Prune rate always 1 for whatever pth value

Please provide the following information when requesting support.

• Hardware (T4/V100/Xavier/Nano/etc)
Ubuntu 20, x86, RTX3090
• Network Type (Detectnet_v2/Faster_rcnn/Yolo_v4/LPRnet/Mask_rcnn/Classification/etc)
Detectnet_v2
• TLT Version (Please run “tlt info --verbose” and share “docker_tag” here)
• Training spec file(If have, please share here)
• How to reproduce the issue ? (This is for errors. Please share the command line and the detailed log here.)

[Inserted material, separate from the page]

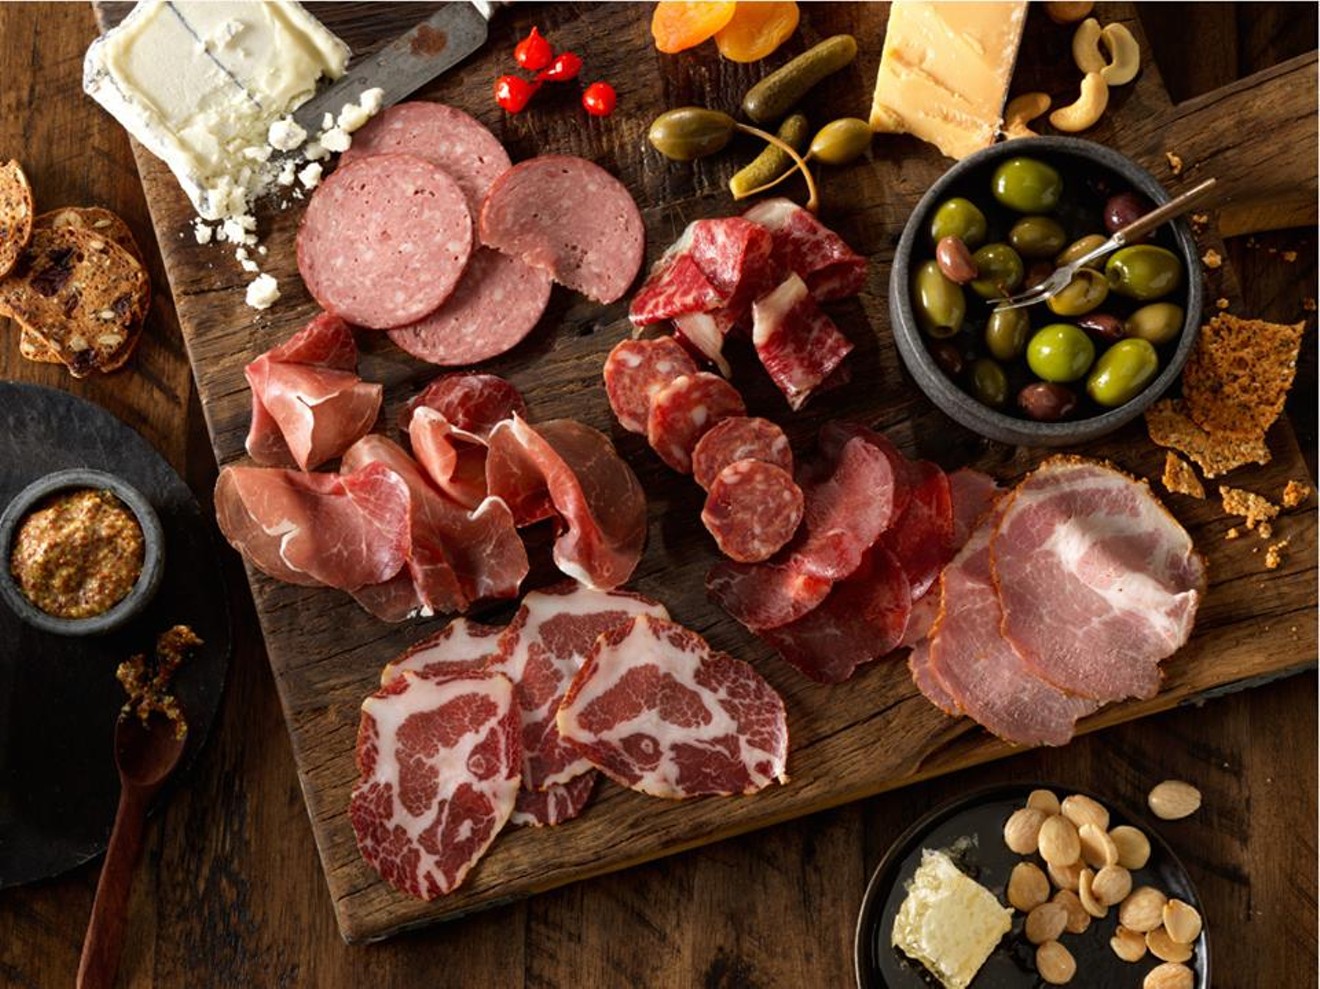 River Bear American Meats will soon have a wide variety of cured and fresh products on  the market.

I’ve retrained a model by my own small dataset with training epoch 40 and batch size 4, the average precision shows all good in training and evaluate stage, when comes to prune stage, what ever I put the value in pth (tried default 5.2e–6, 7.0e–6, 7.2e–6, 9.9e–6, 0.01), it always show pruned result with ratio 1.
I’m sure it works days ago with another similar custom model, no idea what’s going on here:

!tao detectnet_v2 prune \
-m $USER_EXPERIMENT_DIR/experiment_dir_unpruned/weights/resnet18_detector.tlt \
-o $USER_EXPERIMENT_DIR/experiment_dir_pruned/resnet18_nopool_bn_detectnet_v2_pruned.tlt \
-eq union \
-pth 0.0000070 \
-k $KEY

2022-01-24 13:23:22,611 [INFO] root: Registry: [‘nvcr.io’]
2022-01-24 13:23:22,639 [INFO] tlt.components.instance_handler.local_instance: Running command in container: nvcr.io/nvidia/tao/tao-toolkit-tf:v3.21.11-tf1.15.4-py3
2022-01-24 13:23:22,648 [WARNING] tlt.components.docker_handler.docker_handler:
Docker will run the commands as root. If you would like to retain your
local host permissions, please add the “user”:“UID:GID” in the
DockerOptions portion of the “/home/ewew/.tao_mounts.json” file. You can obtain your
users UID and GID by using the “id -u” and “id -g” commands on the
terminal.
Using TensorFlow backend.
WARNING:tensorflow:Deprecation warnings have been disabled. Set TF_ENABLE_DEPRECATION_WARNINGS=1 to re-enable them.
Using TensorFlow backend.
2022-01-24 05:23:27,161 [INFO] modulus.pruning.pruning: Exploring graph for retainable indices
2022-01-24 05:23:27,436 [INFO] modulus.pruning.pruning: Pruning model and appending pruned nodes to new graph
2022-01-24 05:23:34,049 [INFO] iva.common.magnet_prune: Pruning ratio (pruned model / original model): 1.0
2022-01-24 05:23:34,463 [INFO] root: Pruning ratio (pruned model / original model): 1.0
2022-01-24 05:23:34,463 [INFO] root: {
“pruning_ratio”: 1.0,
“size”: 42.937171936035156,
“param_count”: 11.203023
}
2022-01-24 13:23:35,091 [INFO] tlt.components.docker_handler.docker_handler: Stopping container.

Could you please try more pth values?
For example, 5.2e–7 ,5.2e–5, etc.

tried 0.00000052, 0.000052, still the same, ratio still 1.0.
tried 0.8, 0.9 and 1.0, the ratio updated range from 0.66 to 0.22, it works.

I’m confused, it works with 0.0000072 days ago.

Are you using the same backbone days ago?

yes always.
does the training epoch and batch size impact the prune rate setting?

No, it does not.
Not sure if you change something as of now.

I’m quite sure I didn’t change a thing.
Does my current pth make sense as the prune rate seems correct though it’s way too big from recommend values?

Forget about the recommend pth value. Please just check the pruning ratio and the trainable parameters in the training log.

1 Like

This topic was automatically closed 14 days after the last reply. New replies are no longer allowed.